Let us make few comments on Assumptions 2.1 and 2.2. Conditions (A1)–(A2) are standard in the theory of Orlicz spaces while (A3) reflects growth of the \({\mathcal {N}}\)-function being trapped between \(p-\) and \(q-\)growth. Condition (A4) ensures good functional analytic properties in \(W_0^{1,\psi }(\Omega )\) cf. Lemma 4.1. Finally, condition (A5) guarantees good behaviour of second conjugate on \(\psi \) and it is only necessary for Step 4 in the proof of Lemma 6.2. In particular, this condition is necessary only for the general \({\mathcal {N}}\)-functions so it is does not have to hold in the special case \(\varphi (x,\xi ) = |\xi |^p + a(x)\,|\xi |^q\).
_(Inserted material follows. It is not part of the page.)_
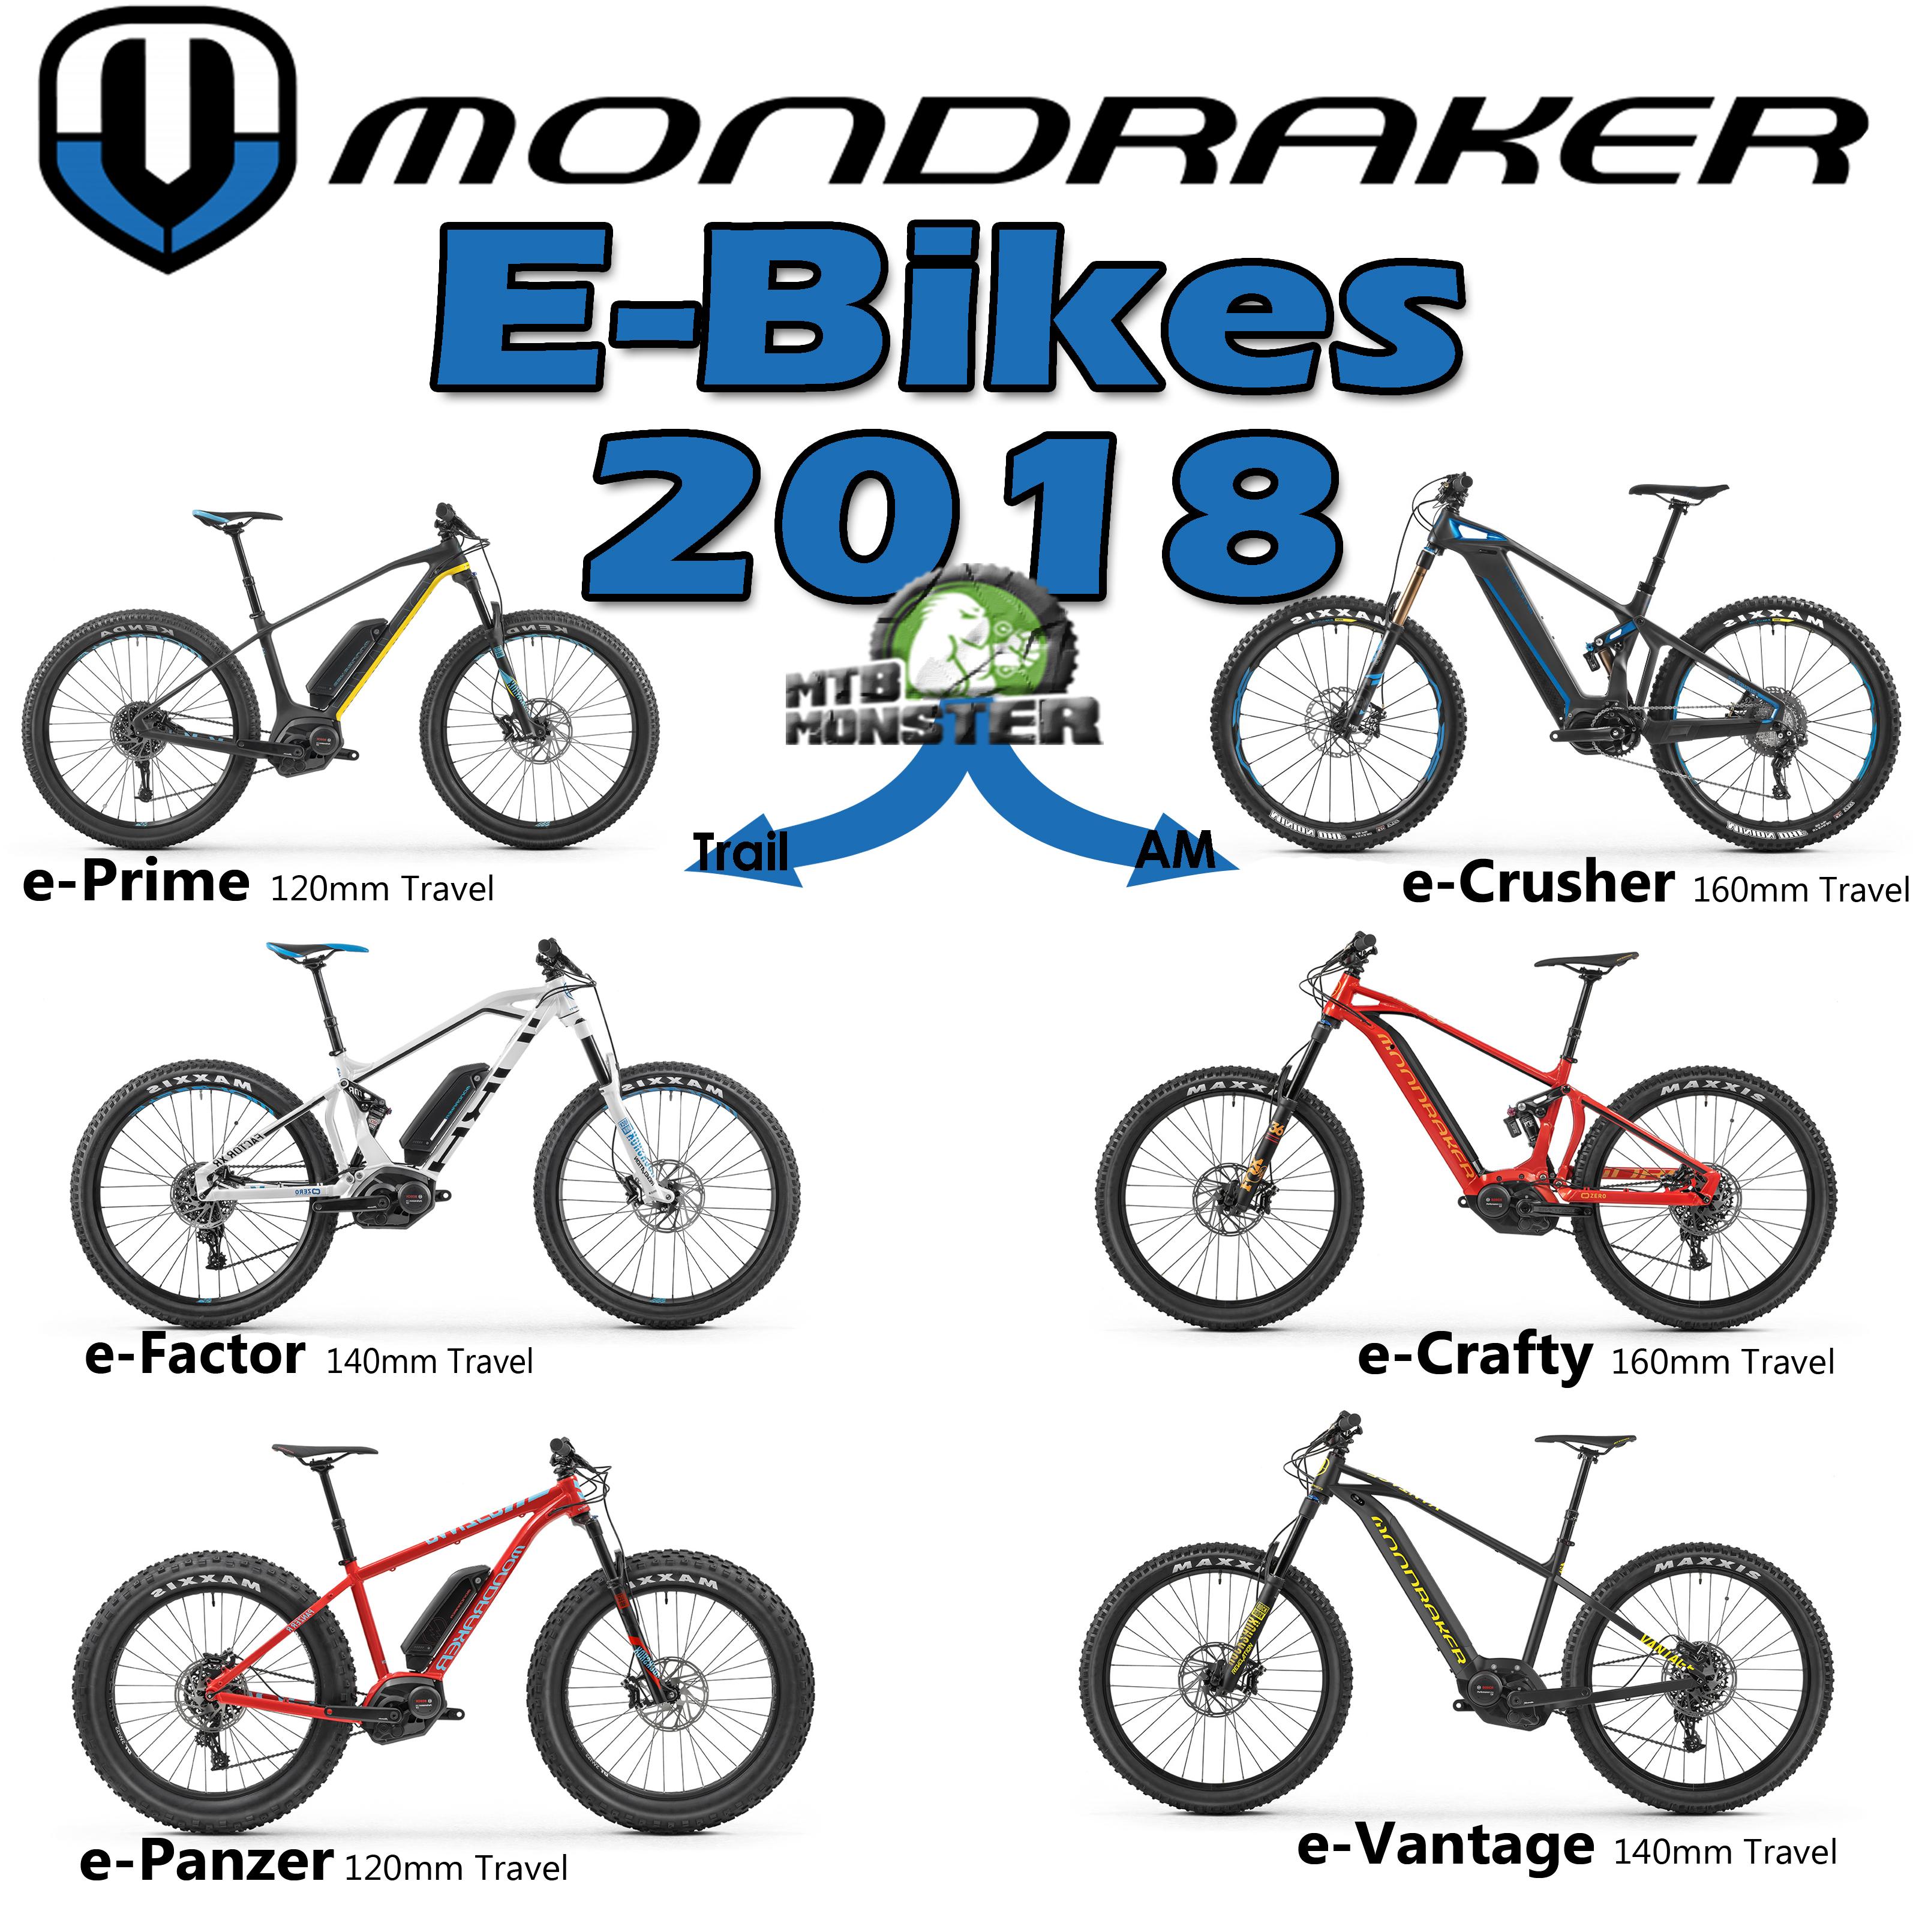 2018-mondraker-ebikes-range-and-information-and-guide-ukdealer-mtb-monster.jpg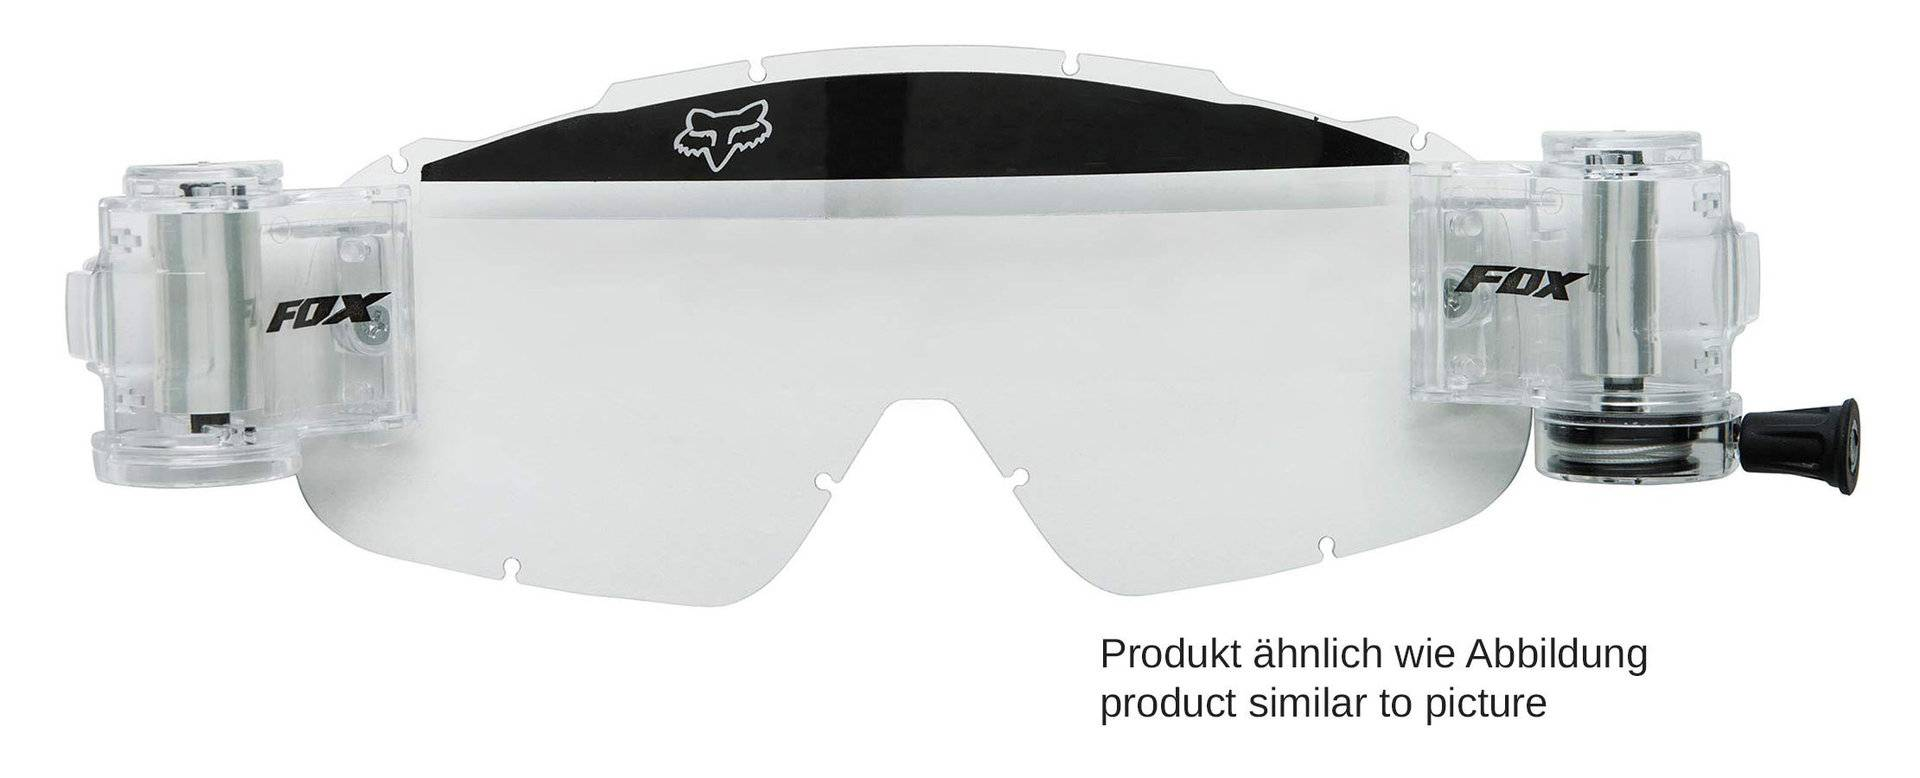 Fox Total Vision System Système de vision taille :

Assumption 2.1 thus reflects the basic functional setting. The real cornerstone of the paper is however Assumption 2.2. It is in fact an abstractly formulated condition on continuity of \(\psi \). To understand it better, we note that it is always possible to estimate, for all \(x\in \Omega \),

$$\begin{aligned} \inf _{y \in \overline{B_{\gamma }(x)} \cap {\overline{\Omega }}} \psi (y,\xi ) \leqq \psi (x,\xi ). \end{aligned}$$

Assumption 2.2 states that the above estimate can be inverted (with a suitable constant). As it seems to be hard to verify it directly, we provide two model examples of \({\mathcal {N}}\)-functions \(\psi \) satisfying this condition in Section 3. Nevertheless, we would like to emphasize that the prototypic functional (1.1) satisfying (1.3) fulfils also Assumption 2.1.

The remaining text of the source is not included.